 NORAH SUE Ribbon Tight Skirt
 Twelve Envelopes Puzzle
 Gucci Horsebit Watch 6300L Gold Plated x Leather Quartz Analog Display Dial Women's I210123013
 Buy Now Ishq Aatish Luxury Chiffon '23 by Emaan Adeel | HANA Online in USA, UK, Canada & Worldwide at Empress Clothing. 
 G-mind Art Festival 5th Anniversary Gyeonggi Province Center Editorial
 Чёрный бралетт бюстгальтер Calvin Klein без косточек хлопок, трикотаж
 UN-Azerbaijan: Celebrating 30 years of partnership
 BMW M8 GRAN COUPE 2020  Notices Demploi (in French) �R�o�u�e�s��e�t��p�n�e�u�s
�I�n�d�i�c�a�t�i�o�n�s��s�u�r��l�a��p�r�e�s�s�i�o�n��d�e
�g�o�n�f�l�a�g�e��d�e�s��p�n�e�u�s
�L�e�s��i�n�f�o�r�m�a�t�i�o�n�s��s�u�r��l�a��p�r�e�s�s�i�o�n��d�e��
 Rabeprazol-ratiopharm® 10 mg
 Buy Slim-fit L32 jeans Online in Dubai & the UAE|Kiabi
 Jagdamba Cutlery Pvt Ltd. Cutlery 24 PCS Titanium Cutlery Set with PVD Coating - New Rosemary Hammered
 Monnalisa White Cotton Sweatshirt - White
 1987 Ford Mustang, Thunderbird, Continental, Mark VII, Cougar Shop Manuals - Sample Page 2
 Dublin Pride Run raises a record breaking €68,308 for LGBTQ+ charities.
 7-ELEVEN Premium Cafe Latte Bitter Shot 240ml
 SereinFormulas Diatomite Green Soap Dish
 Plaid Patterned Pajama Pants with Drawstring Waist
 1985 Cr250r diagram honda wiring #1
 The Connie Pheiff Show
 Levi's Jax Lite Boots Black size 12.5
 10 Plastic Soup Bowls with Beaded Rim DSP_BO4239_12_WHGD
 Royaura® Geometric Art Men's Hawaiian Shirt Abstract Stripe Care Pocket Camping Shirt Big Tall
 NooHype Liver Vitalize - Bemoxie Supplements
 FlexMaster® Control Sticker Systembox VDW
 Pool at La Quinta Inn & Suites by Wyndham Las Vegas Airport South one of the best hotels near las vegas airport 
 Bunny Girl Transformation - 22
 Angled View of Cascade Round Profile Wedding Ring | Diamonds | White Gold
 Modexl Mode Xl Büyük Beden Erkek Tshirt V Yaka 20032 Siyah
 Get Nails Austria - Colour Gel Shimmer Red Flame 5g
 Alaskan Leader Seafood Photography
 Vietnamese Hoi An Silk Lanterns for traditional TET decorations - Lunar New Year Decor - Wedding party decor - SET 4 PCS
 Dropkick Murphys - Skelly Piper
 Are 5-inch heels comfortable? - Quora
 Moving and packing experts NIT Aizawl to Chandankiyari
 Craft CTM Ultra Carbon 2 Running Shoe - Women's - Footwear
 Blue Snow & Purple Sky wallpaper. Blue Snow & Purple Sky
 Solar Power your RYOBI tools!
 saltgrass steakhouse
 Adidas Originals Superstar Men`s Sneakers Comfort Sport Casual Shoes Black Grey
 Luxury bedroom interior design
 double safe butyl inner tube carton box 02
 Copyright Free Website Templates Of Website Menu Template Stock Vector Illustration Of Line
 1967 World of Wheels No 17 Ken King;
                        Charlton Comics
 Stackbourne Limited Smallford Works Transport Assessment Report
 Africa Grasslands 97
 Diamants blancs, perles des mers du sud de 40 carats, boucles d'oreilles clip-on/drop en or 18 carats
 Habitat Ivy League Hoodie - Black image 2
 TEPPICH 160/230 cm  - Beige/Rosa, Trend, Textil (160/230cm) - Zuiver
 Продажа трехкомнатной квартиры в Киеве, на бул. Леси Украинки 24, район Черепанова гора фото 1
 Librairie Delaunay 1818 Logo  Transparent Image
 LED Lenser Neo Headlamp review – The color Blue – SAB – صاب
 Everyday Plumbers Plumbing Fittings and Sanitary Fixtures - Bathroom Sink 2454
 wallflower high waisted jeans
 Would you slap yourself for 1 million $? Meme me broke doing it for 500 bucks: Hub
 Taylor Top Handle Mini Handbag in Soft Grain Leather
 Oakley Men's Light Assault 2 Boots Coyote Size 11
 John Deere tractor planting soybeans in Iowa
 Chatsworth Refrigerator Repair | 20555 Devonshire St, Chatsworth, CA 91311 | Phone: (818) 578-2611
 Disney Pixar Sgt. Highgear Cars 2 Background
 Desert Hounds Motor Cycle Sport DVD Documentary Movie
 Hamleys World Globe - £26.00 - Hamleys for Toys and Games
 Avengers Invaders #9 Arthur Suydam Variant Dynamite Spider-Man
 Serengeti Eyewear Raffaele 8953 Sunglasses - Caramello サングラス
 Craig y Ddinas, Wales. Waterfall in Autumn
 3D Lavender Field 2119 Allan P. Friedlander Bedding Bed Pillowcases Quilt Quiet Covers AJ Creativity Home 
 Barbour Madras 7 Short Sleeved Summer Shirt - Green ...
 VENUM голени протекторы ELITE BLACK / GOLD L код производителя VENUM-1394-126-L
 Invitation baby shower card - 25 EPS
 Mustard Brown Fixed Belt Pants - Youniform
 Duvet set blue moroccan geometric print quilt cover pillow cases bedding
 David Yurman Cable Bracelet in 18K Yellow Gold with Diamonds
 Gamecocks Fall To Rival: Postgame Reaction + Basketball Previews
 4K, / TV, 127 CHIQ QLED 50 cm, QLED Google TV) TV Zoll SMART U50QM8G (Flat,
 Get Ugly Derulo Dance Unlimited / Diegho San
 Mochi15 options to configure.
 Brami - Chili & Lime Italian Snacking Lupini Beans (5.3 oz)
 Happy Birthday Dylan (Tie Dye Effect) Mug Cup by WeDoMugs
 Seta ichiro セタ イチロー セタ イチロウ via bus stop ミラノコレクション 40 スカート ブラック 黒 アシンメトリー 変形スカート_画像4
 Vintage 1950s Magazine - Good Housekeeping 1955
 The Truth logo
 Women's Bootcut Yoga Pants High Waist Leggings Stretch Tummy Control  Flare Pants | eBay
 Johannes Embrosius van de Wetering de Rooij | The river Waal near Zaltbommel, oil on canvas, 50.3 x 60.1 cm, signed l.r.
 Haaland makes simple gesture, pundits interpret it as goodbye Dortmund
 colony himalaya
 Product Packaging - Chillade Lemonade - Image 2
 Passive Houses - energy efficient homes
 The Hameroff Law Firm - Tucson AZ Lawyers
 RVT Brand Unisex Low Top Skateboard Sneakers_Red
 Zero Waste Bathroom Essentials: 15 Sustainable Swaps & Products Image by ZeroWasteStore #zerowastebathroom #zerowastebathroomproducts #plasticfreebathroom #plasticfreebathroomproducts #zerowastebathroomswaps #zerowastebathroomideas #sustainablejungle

WHAT THE TASK ASKS:
The listing above holds a line with "wallflower high waisted jeans" and a line with "Disney Pixar Sgt. Highgear Cars 2 Background". Print the stretch from the first through the second, exactly and alone.

SOLUTION TO THIS TASK:
 wallflower high waisted jeans
 Would you slap yourself for 1 million $? Meme me broke doing it for 500 bucks: Hub
 Taylor Top Handle Mini Handbag in Soft Grain Leather
 Oakley Men's Light Assault 2 Boots Coyote Size 11
 John Deere tractor planting soybeans in Iowa
 Chatsworth Refrigerator Repair | 20555 Devonshire St, Chatsworth, CA 91311 | Phone: (818) 578-2611
 Disney Pixar Sgt. Highgear Cars 2 Background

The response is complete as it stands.